- Presented by: Dave Thornton (Host; 2008–2009) Tommy Little (Host; 2010–2011)
- Country of origin: Australia
- Original language: English
- No. of seasons: 6

Production
- Production locations: RMIT University Melbourne, Australia
- Running time: Approx. 60 min. (Including Commercials)
- Production company: RMITV (Student Community Television Inc.)

Original release
- Network: C31 Melbourne

= Studio A =

Studio A is an hour-long live variety, comedy and sketch program produced as the RMITV Flagship production between 2008–2011 and was hosted by Dave Thornton and then later Tommy Little.
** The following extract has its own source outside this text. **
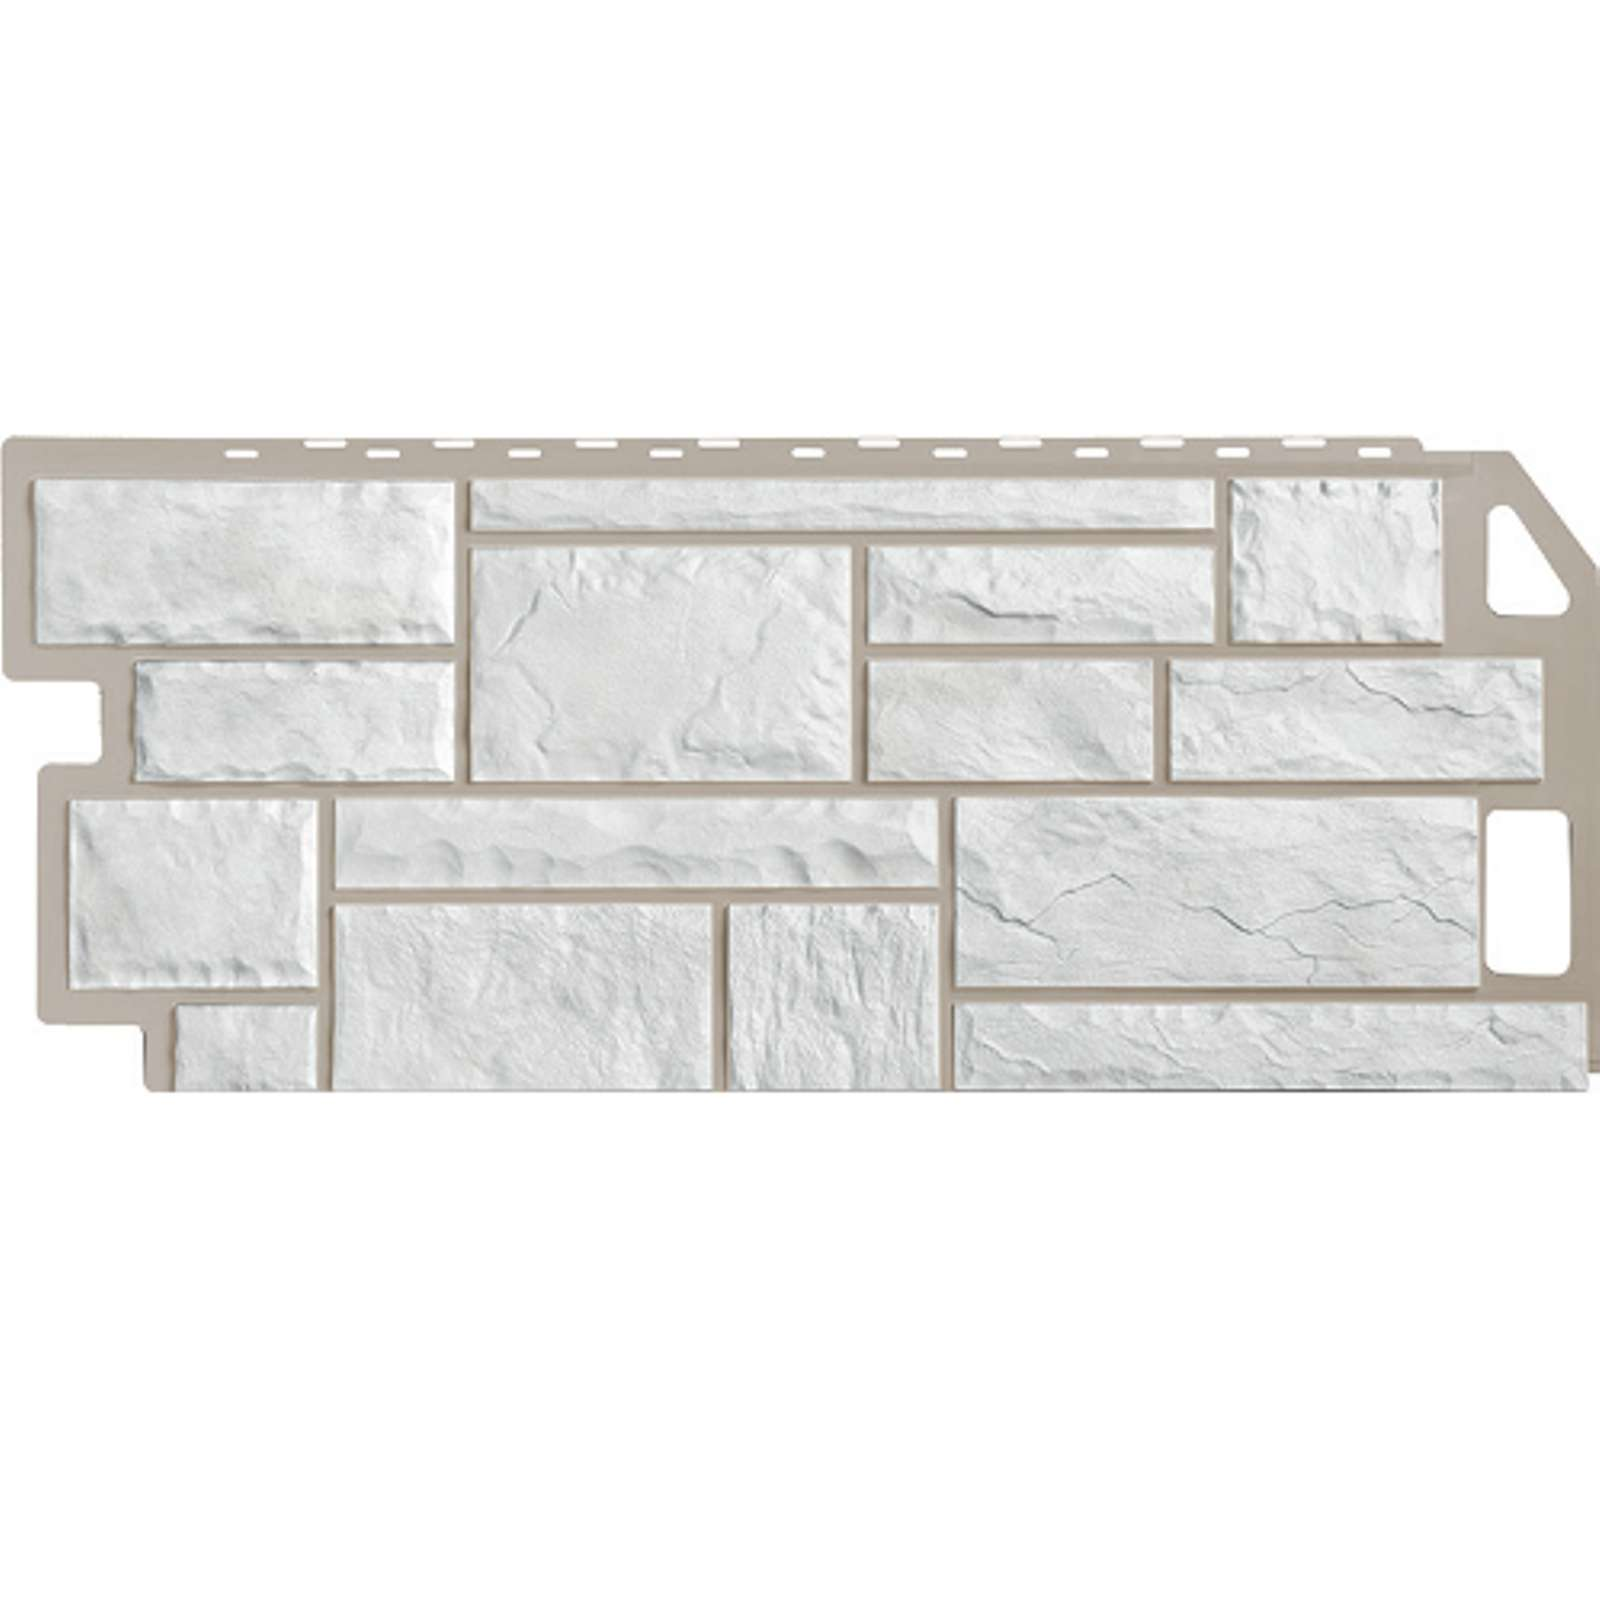 Панель фасадная FineBer Камень мелованный белый 1137х470мм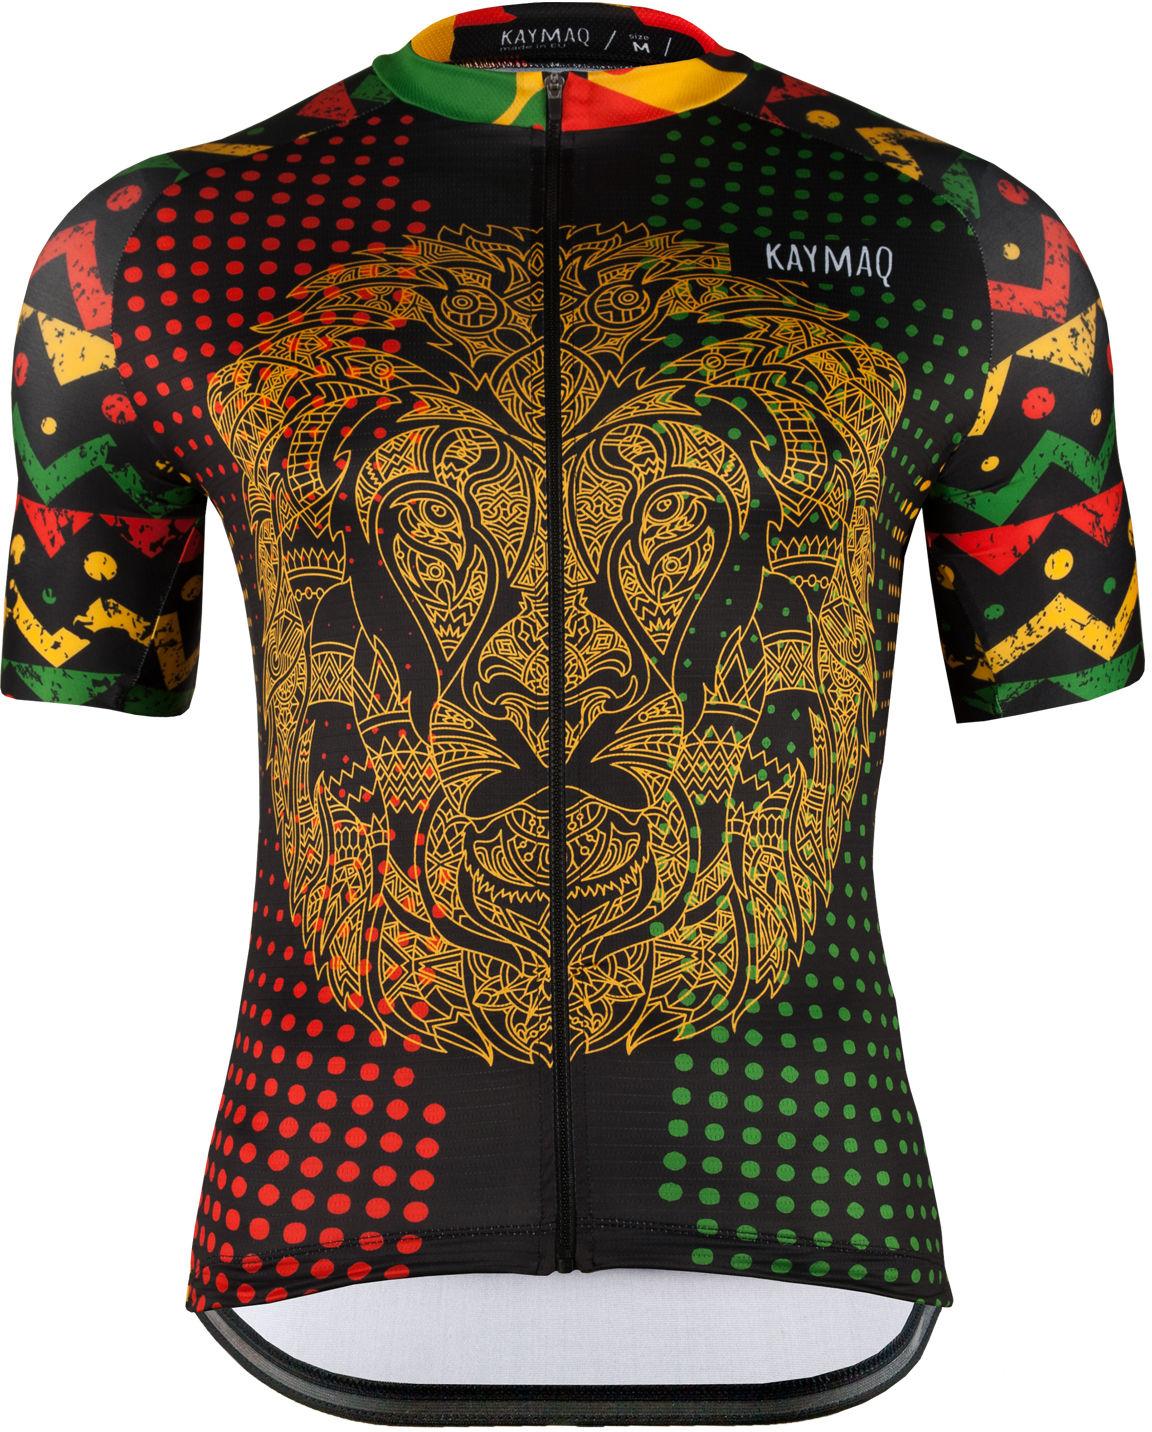 KAYMAQ RACE M51 męska koszulka rowerowa z krótkim rękawem Rozmiar: XL,m51_kymq_kosz

Supporting cast included many up and coming comedians and media personalities including Jess Harris (Twentysomething), Alison Bice, Karl Chandler, Tom Ballard, Tommy Dassalo, Oliver Clarke, Xavier Michaelidies, Tegan Higginbotham, Nick Cody, Nat Harris, Anne Edmonds, Ted Wilson, Luke McGregor and John Campbell. The show featured weekly celebrity guests and an array of Melbourne's up and coming talent. Guests included Peter Helliar, Colin Lane, Wayne Hope, Rove McManus, Adam Richard.

== Awards ==
Studio A took out two 2009 Antenna Awards for Outstanding Program of the Year and Outstanding Exterior Broadcast Program.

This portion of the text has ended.